There are five core concepts that distinguish knowledge innovation from other knowledge and innovation approaches:

  • Innovation Value System (not value chain) - value chain thinking is linear and static. The innovation value system is dynamic and shows all the interdependent relationships that are need to be developed for successful innovation.

  • Strategic Business Network (not Strategic Business Units) - strategic business unit management tends to create isolated islands of knowledge. The Strategic Business Network encourages the flow of knowledge between partners, customers, suppliers, research organisations and other stakeholders, including competitors, in the innovation process.

  • Collaborative (not Competitive) Advantage - Competitive strategies create win-lose scenarios, often competing for a share of the same pie. Collaborative strategies encourage win-win situations through symbiotic relationships. Knowledge grows and the pie gets bigger for all.

  • Customer Success (not Satisfaction) - Customer satisfaction meets today's articulated need. A focus on the success of your customer helps identify those future unarticulated needs, the source of growth and future success.

15. What is the difference between Knowledge Management and Knowledge Innovation?

Knowledge management is now widely practiced. But much of this practice is based on "sharing what we know", such as best practice. More forward looking companies are developing the role of knowledge in their innovation processes. This is where future success will come. It goes beyond the 5 or 10 per cent year-on-year continuous improvements from sharing existing knowledge but the 10 fold and even 100 fold breakthroughs from innovation. Effective knowledge management is a necessary prerequisite. Knowledge innovation is one further step on the management performance trajectory, that integrates knowledge management with innovation management.
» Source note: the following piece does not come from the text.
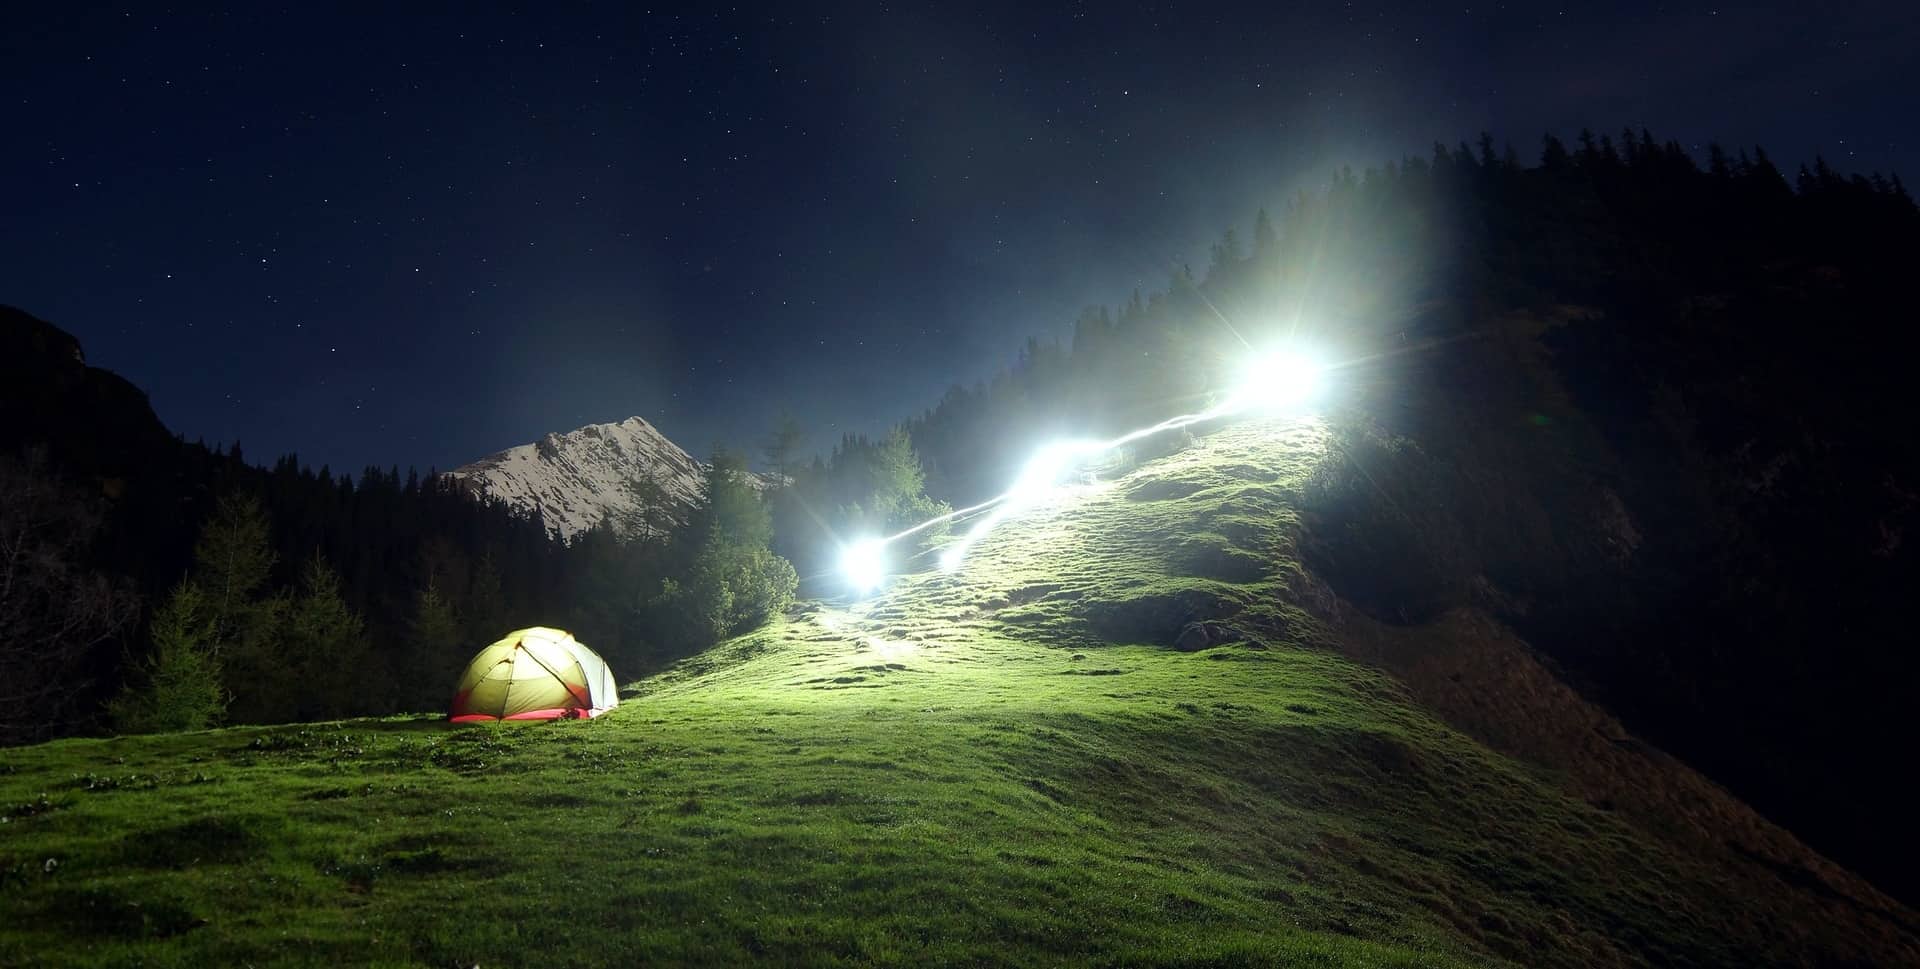 Camping Tent Setup At Night
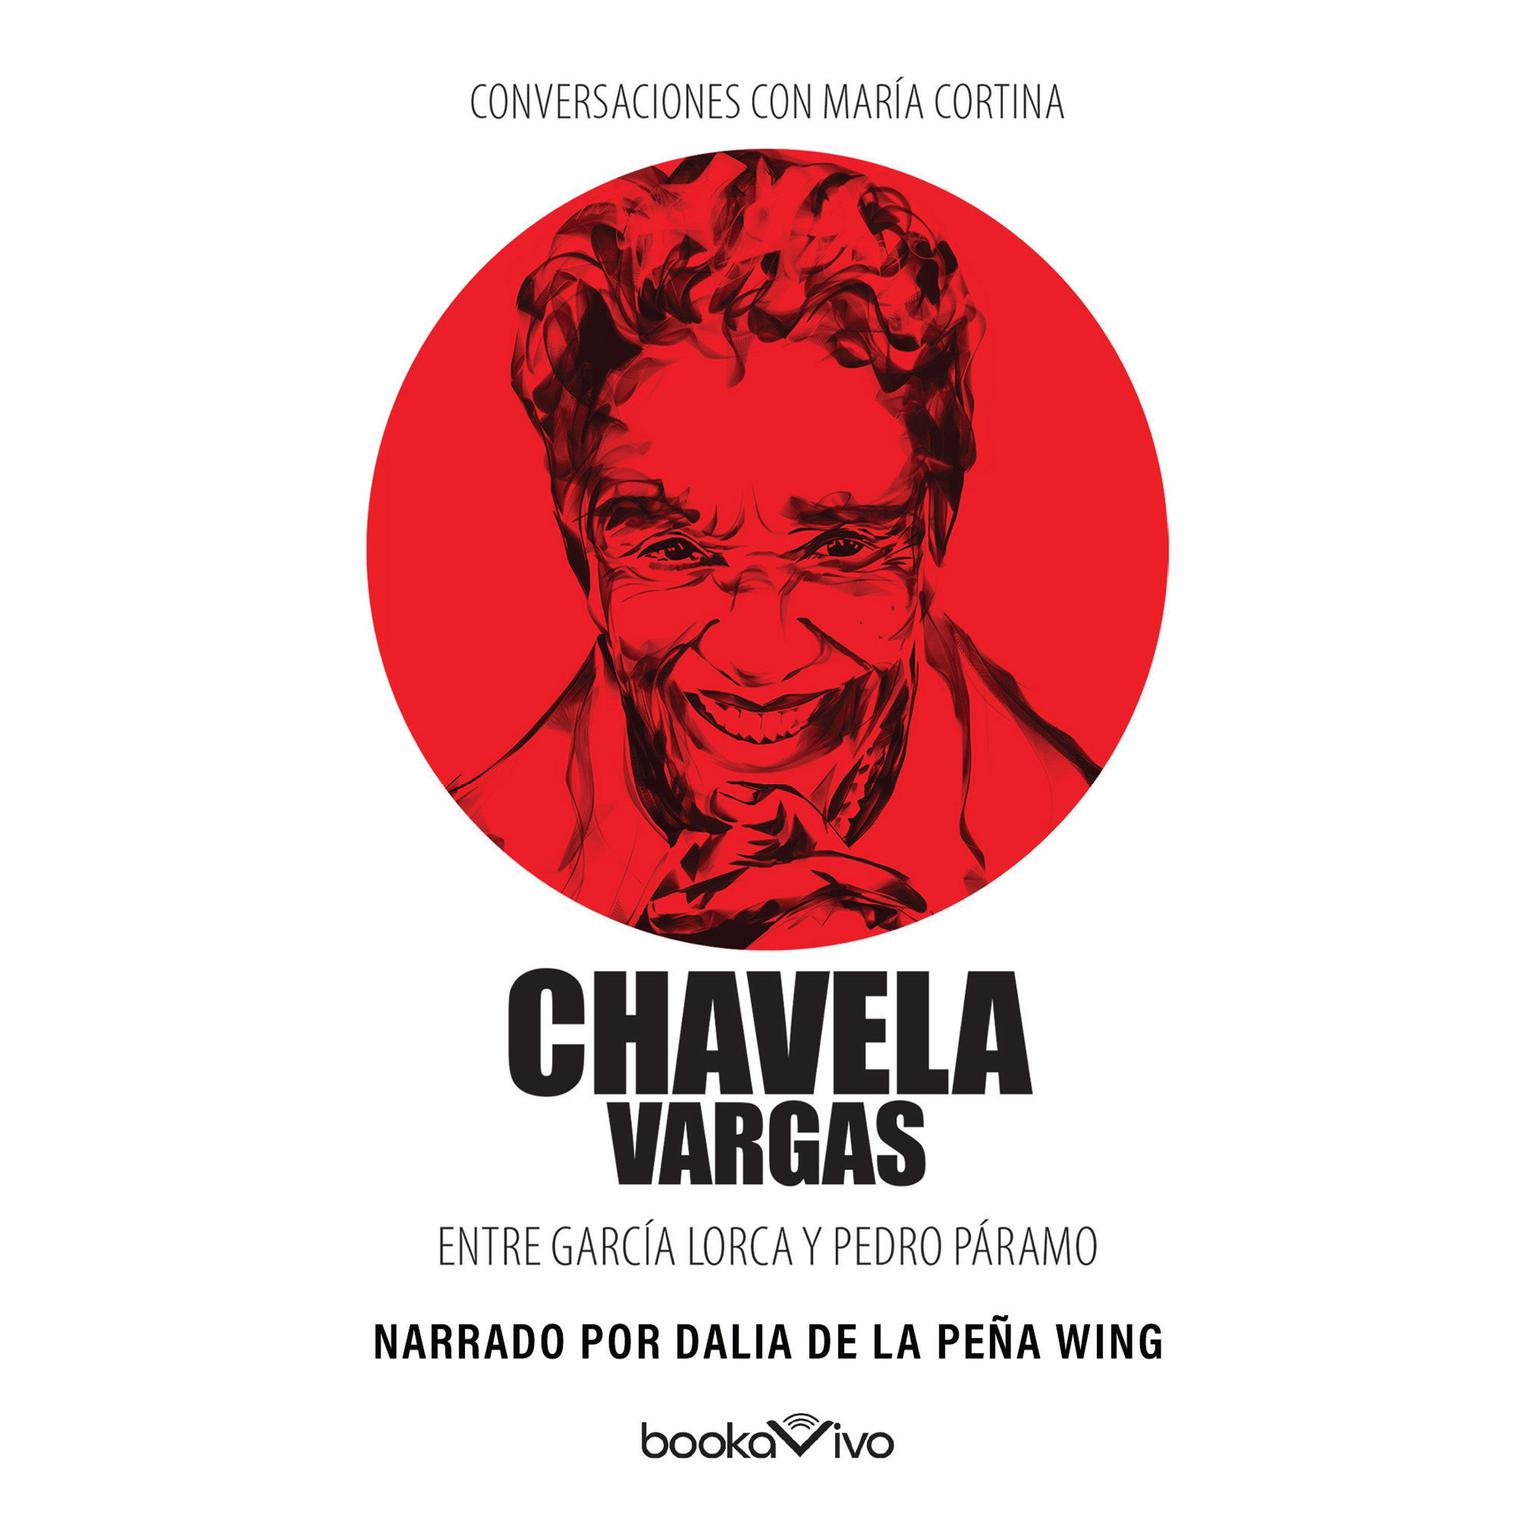 Conversaciones con María Cortina: Chavela Vargas Entre García Lorca y Pedro Páramo Audiobook, by Chavela Vargas

16. Power of Innovation – the Case of Skandia

For the past five years Skandia has been describing its work surrounding intellectual capital in supplements to the group's financial reports. The components which make up intellectual capital, including innovation capital, were presented in the supplement to the 1995 Annual Report.

Innovation capital refers to the explicit, packaged result of innovation, in the form of protected commercial rights, intellectual property, and other intangible assets and values. Harnessing this power of innovation requires a more dynamic perspective and a synchronized focus on human and structural capital for renewal. Thus the power of innovation is found in the border zone between human capital and structural capital.

The goal is to achieve a multiplicative effect in order to enhance rapid knowledge sharing and develop new business applications. In doing so, new value is created. The critical success factor is not only the number of new ideas, but more so, their implementation. This can be facilitated by having the right company culture, leadership and infrastructure.

A company's strategies for growth, competence development and competence renewal can bear great significance for its future value. The power of innovation creates value in that innovation capital is either recycled or generated anew.

Knowledge innovation is the creation, evolution, exchange and application of new ideas into marketable goods and services, leading to the success of an enterprise, the vitality of a nation's economy and the advancement of society.